• **TASK GOAL**
The reply must contain exactly the lines below from the one with "Samsøe & Samsøe Bel jacket 11183 - BLACK" down to the one with "OM_0104] 2005 Mustang", both included, and nothing more; please omit the pictures.

• **AVAILABLE DATA**
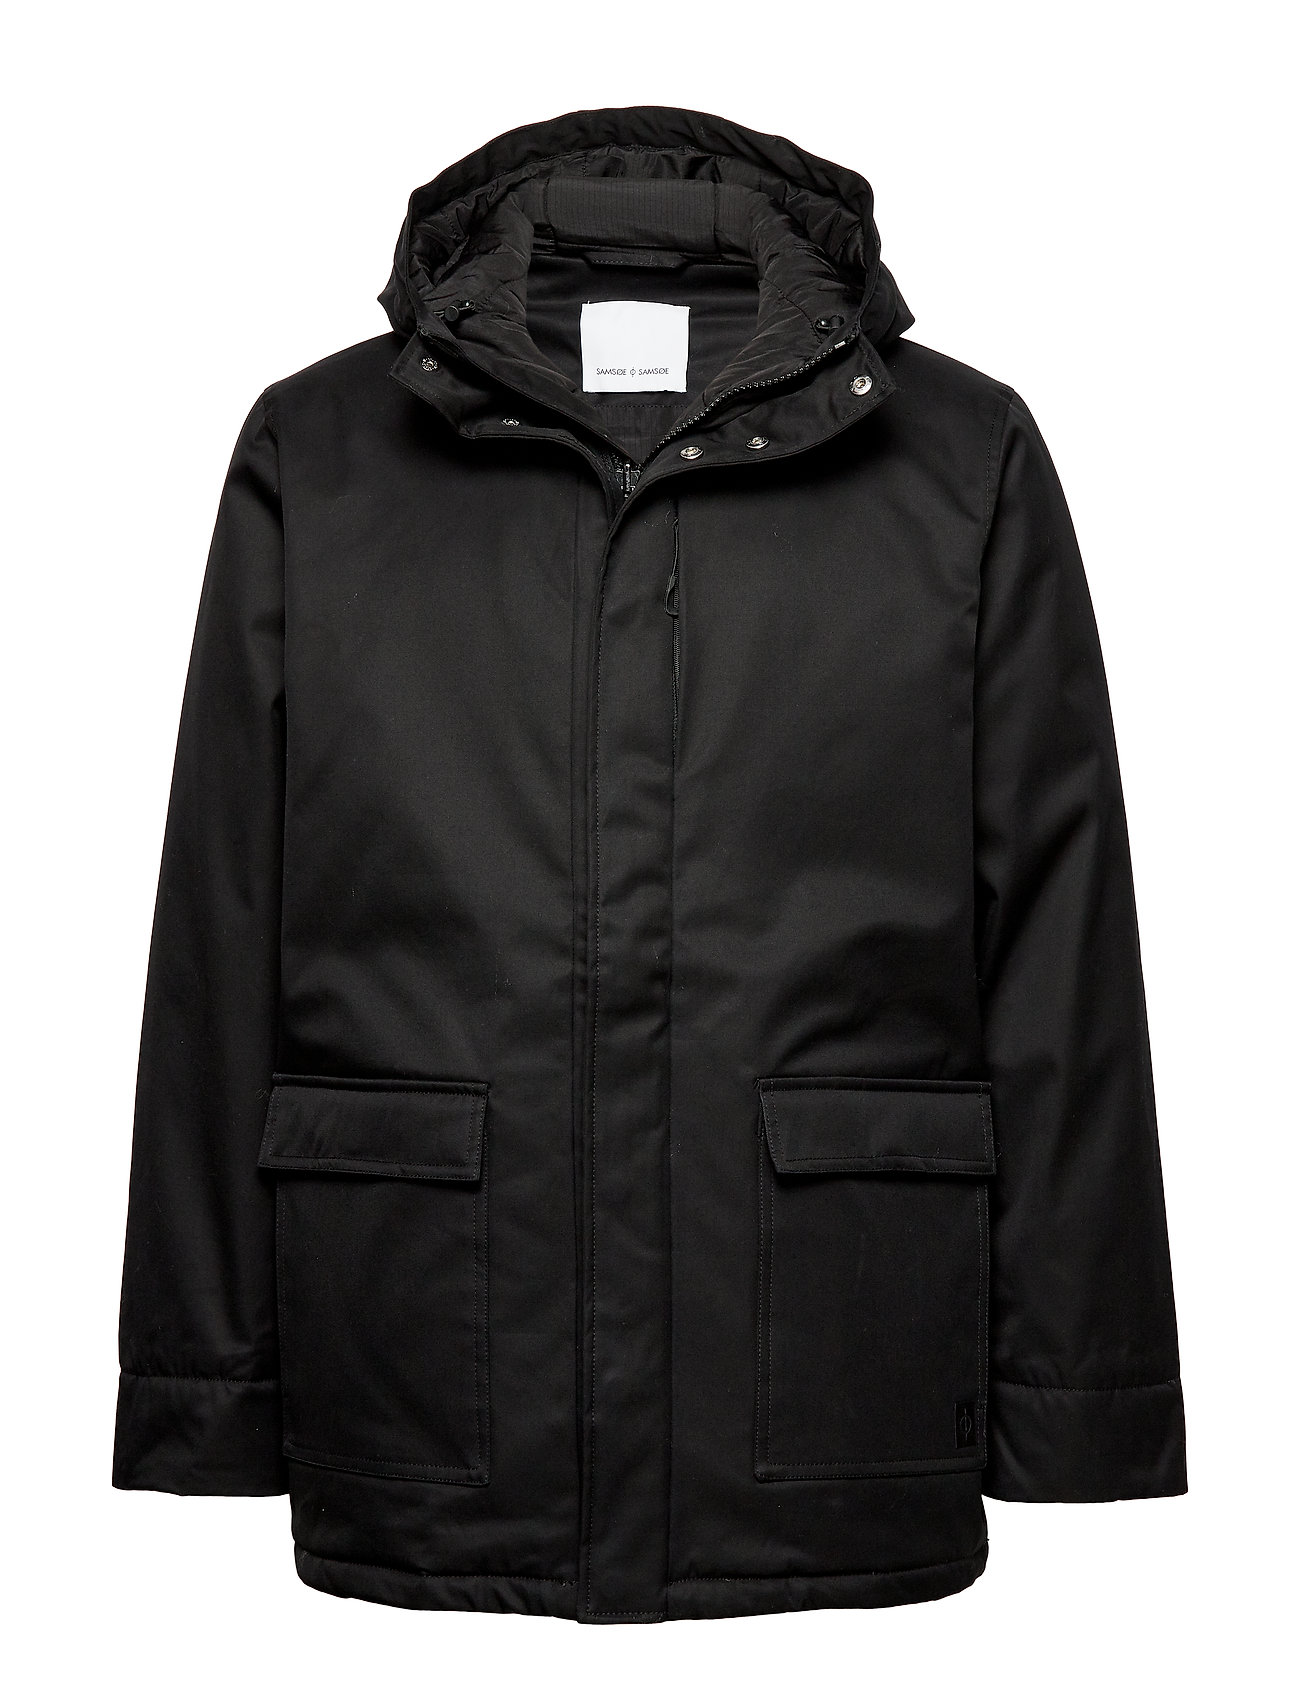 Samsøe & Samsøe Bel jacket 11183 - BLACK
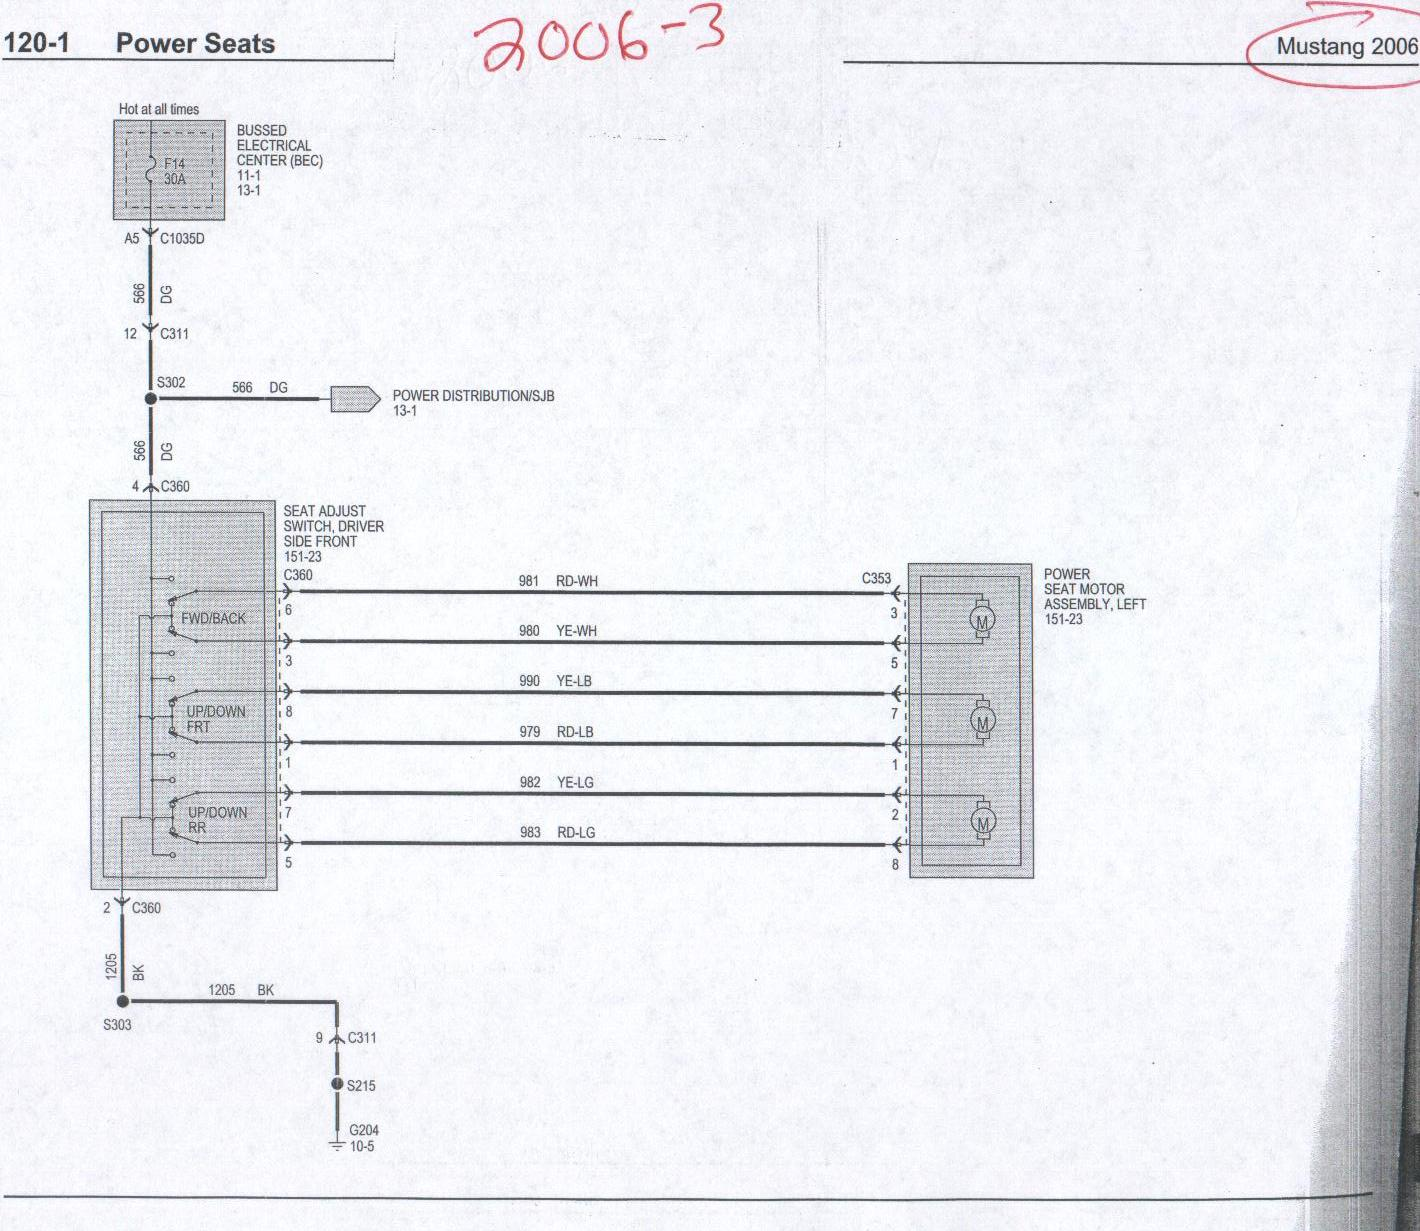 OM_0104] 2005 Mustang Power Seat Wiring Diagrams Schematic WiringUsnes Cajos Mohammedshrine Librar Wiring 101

---

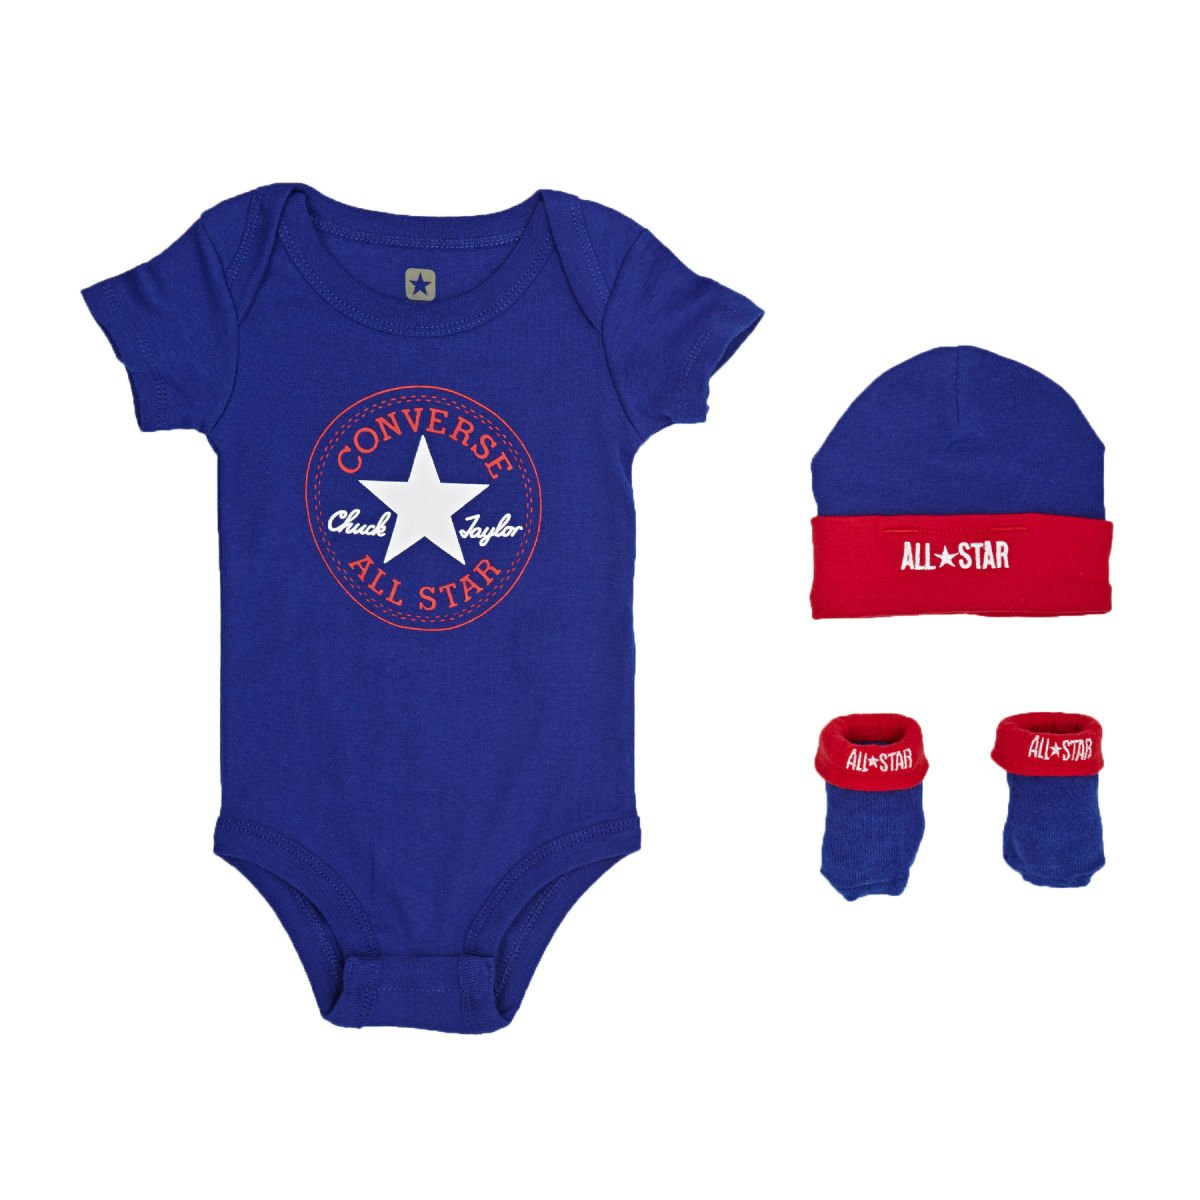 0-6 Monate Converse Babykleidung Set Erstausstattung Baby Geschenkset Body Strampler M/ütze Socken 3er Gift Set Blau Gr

• **ANSWER**
 Samsøe & Samsøe Bel jacket 11183 - BLACK
 OM_0104] 2005 Mustang Power Seat Wiring Diagrams Schematic WiringUsnes Cajos Mohammedshrine Librar Wiring 101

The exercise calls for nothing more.